High cardinality multi bucket terms aggregation - huge memory consumption

Hi all,
I' m pretty new to the elastic stack but I'm facing an issue which I don't understand.
I tried to reproduce it with the easiest example:

My documents look like this:

{
    "a1" : "3abcdefghi",
    "a2" : "3abcdefghi_a",
    "dummyA" : "dmihnibdpu"
}

The index contains 1M of these documents, with a1 and a2 having 10K different values and dummyA having 1M different values.

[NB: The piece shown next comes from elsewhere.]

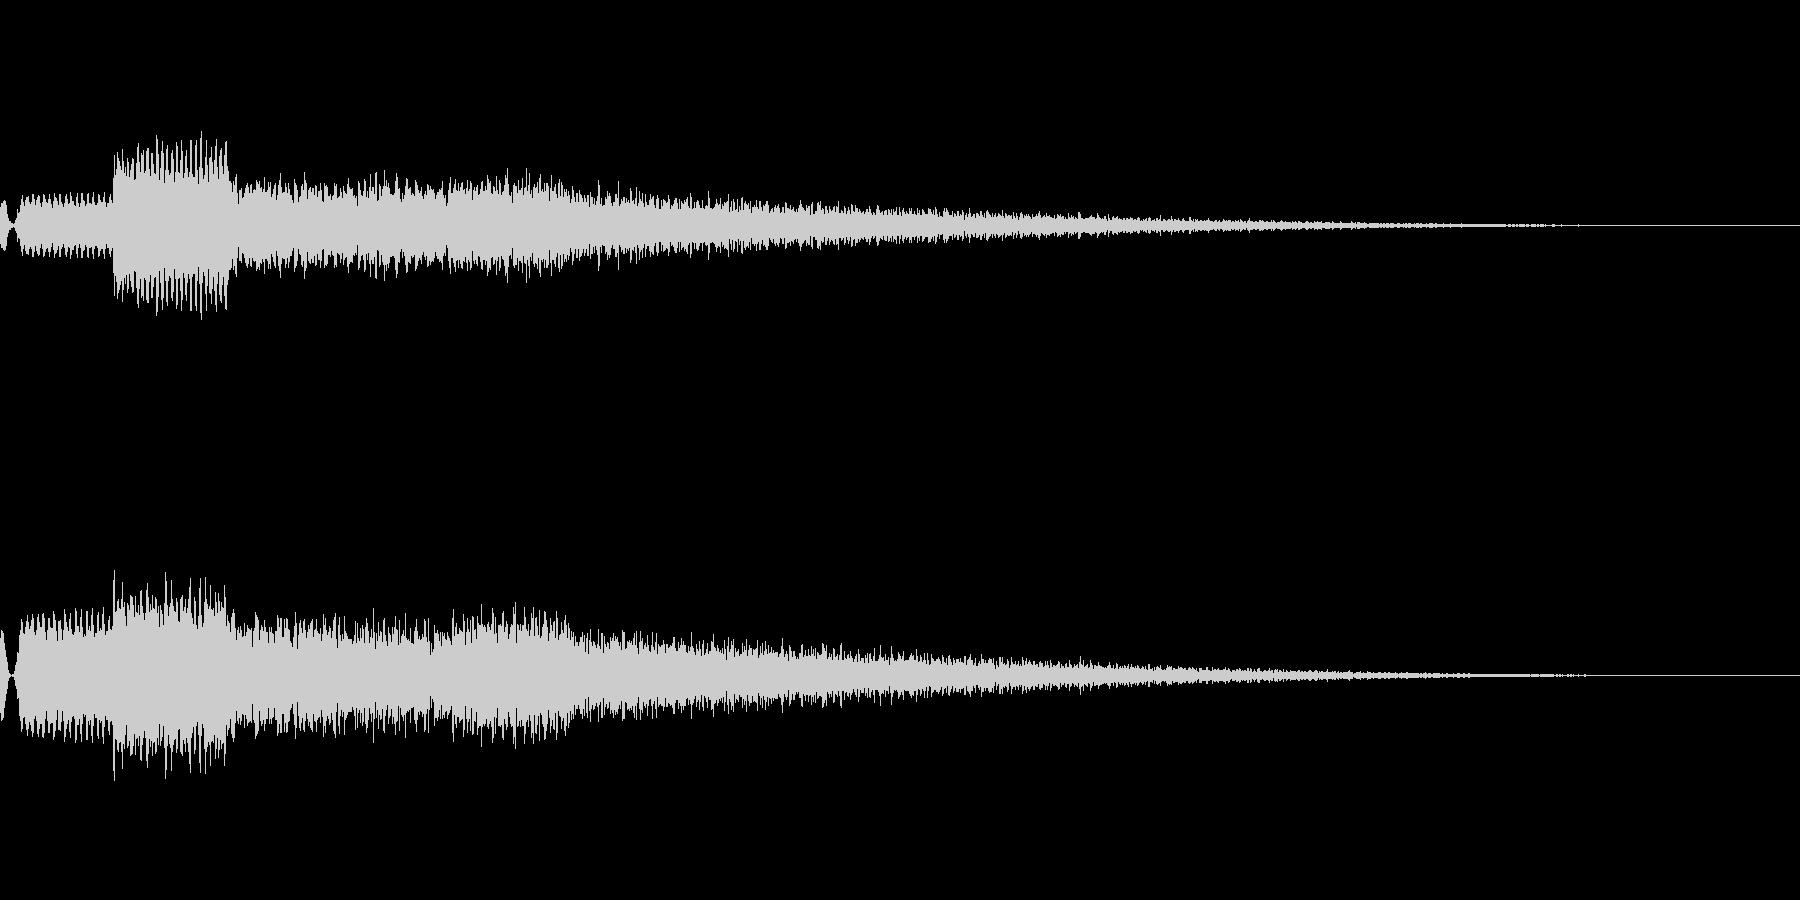 [効果音]チャイム、着信音の未再生の波形

The index size is around 120MB.

The index mapping looks as follows:

{
  "mapping": {
    "_doc": {
      "dynamic_templates": [
        {
          "strings": {
            "match_mapping_type": "string",
            "mapping": {
              "fields": {
                "query": {
                  "type": "text"
                }
              },
              "type": "keyword"
            }
          }
        }
      ],
      "properties": {
        "a1": {
          "type": "keyword",
          "fields": {
            "query": {
              "type": "text"
            }
          }
        },
        "a2": {
          "type": "keyword",
          "fields": {
            "query": {
              "type": "text"
            }
          }
        },
        "dummyA": {
          "type": "keyword",
          "fields": {
            "query": {
              "type": "text"
            }
          }
        }
      }
    }
  }
}

Elasticsearch runs with 7GB heap.

The following query is not executable since it would need more than the 7GB heap memory (parent circuit breaker kicks in):

GET /test/_search
{
  "size": 0,
  "aggs": {
    "a1": {
      "terms": {
        "field": "a1",
        "size": 10000
      },
      "aggs": {
        "a2": {
          "terms": {
            "field": "a2",
            "size": 10000
          }
        }
      }
    }
  }
}

If I use execution_hint: map like so:

GET /test/_search
{
  "size": 0,
  "aggs": {
    "a1": {
      "terms": {
        "field": "a1",
        "size": 10000,
        "execution_hint": "map"
      },
      "aggs": {
        "a2": {
          "terms": {
            "field": "a2",
            "size": 10000,
            "execution_hint": "map"
          }
        }
      }
    }
  }
}

the query returns in around 1s with the result.

As far as I understood, execution_hint: map should actually lead to larger requests and hence consume more memory?

The size of the requests is indeed larger but the overall memory consumption with execution_hint map is much lower than the memory consumption with execution_hint global_ordinals, which is from my understanding the default.

Does anyone know and can explain this huge memory consumption in the default mode for an index that has only 120MB?

Any help would be very cool.

Thanks :slight_smile:

2 Likes

I have the same problem and also cannot explain it.

This topic was automatically closed 28 days after the last reply. New replies are no longer allowed.